The story of David and Goliath has been told so many times through literature and art that David, Goliath, and their confrontation have all become cliched symbols for underdogs, brutal antagonists, and stories of overcoming impossible odds.
But in the Bible, this isn’t an underdog story. It’s a story of faith. David’s faith would become one of his defining characteristics, and it led him to overcome countless enemies after Goliath.
9. David was a great warrior
Defeating Goliath marked the beginning of David’s life as a warrior. Wherever Saul sent David, God went with him, and he was successful. And the more successful David became, the more responsibility Saul gave him:
“Whatever mission Saul sent him on, David was so successful that Saul gave him a high rank in the army. This pleased all the troops, and Saul’s officers as well.” —1 Samuel 18:5
But then people started to see David as greater than Saul. After the Israelites defeated the Philistines, women danced and sang:
“Saul has slain his thousands, and David his tens of thousands.” —1 Samuel 18:7
Understandably, this made Saul feel threatened by David. As David’s fame as a warrior grew, Saul feared him more and more. This fear led Saul to drive away his greatest asset. He attempted to kill David on multiple occasions, and became his constant enemy.
After Saul died in battle with the Philistines, David warred against Saul’s commander Abner, and Saul’s last son, Ish-Bosheth, whom Abner had made king of Israel.
Eventually, David became king (more on how that happened in a moment), and continued his legacy as a great warrior.
10. David was Israel’s greatest king
Despite being anointed to rule God’s people, David had a long and arduous path to kingship. Even after Saul died in combat, those loyal to him weren’t just going to hand over the kingdom to David. Remember, Saul was anointed, too. And David had been living with and fighting for the Philistines—the Israelites sworn enemies.
When Saul died, the tribe of Judah anointed David as their king (2 Samuel 2:4), but Abner son of Ner, the commander of Saul’s army, made Saul’s son Ish-bosheth king over all Israel. So there were two kings and two kingdoms: Ish-bosheth became the second king of Israel, and David ruled Judah.
Unfortunately for Ish-bosheth, his reign was short-lived. And while he and Abner were at war with David the whole time he was in power, Ish-bosheth didn’t die by David’s hand.
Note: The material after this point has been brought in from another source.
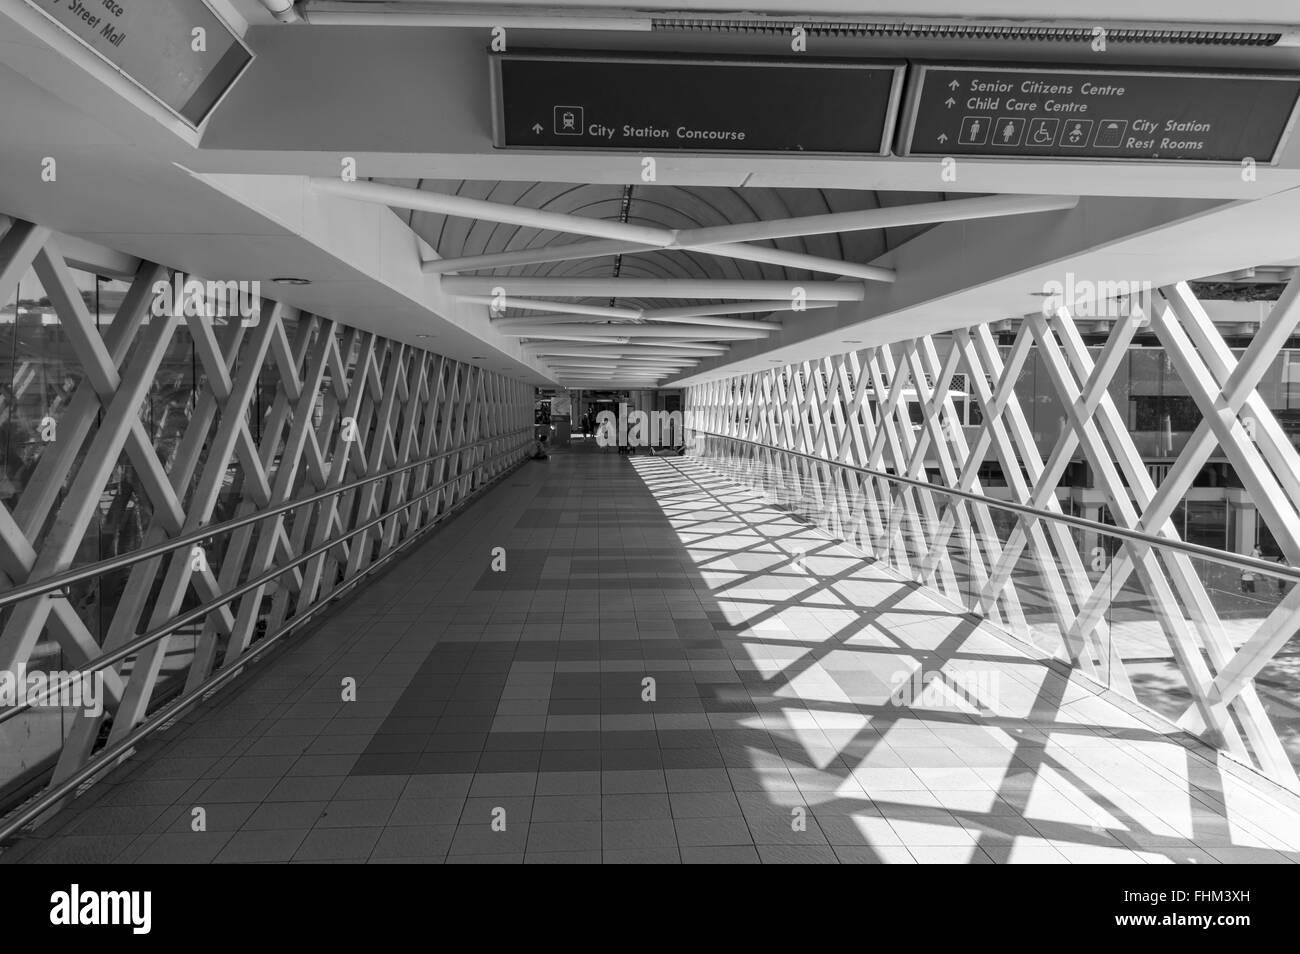 Pedestrian arcade connecting Perth train station with the city center. Perth, Western Australia, Australia. - Stock Image

Both Ish-bosheth and Abner were murdered. Abner was murdered out of revenge, and David cursed his killers and mourned his death. Ish-bosheth was murdered by Israelites who seemed to be trying to earn David’s favor. When they came to David with their “good news,” he had them executed for their crime.
With Saul’s family out of the picture, Israel’s elders met with David and anointed him king over all of Israel when he was thirty years old (2 Samuel 5:3-4).
During Saul’s reign, Jerusalem was captured, and the Ark of the Covenant was in Judah. When David became king, he retook the fortress of Zion (which became known as the City of David), conquered Jerusalem, and returned the Ark to the city.
As king of Israel, David won numerous battles and made Israel a formidable nation, expanding its territory and military might, all while pointing his people to God.
11. David committed adultery with Bathsheba
When his armies were out waging war without him, David walked along the roof of his palace and saw a beautiful woman bathing. He sent someone to find out about her, and learned she was married to Uriah the Hittite—one of his best soldiers (2 Samuel 23:39).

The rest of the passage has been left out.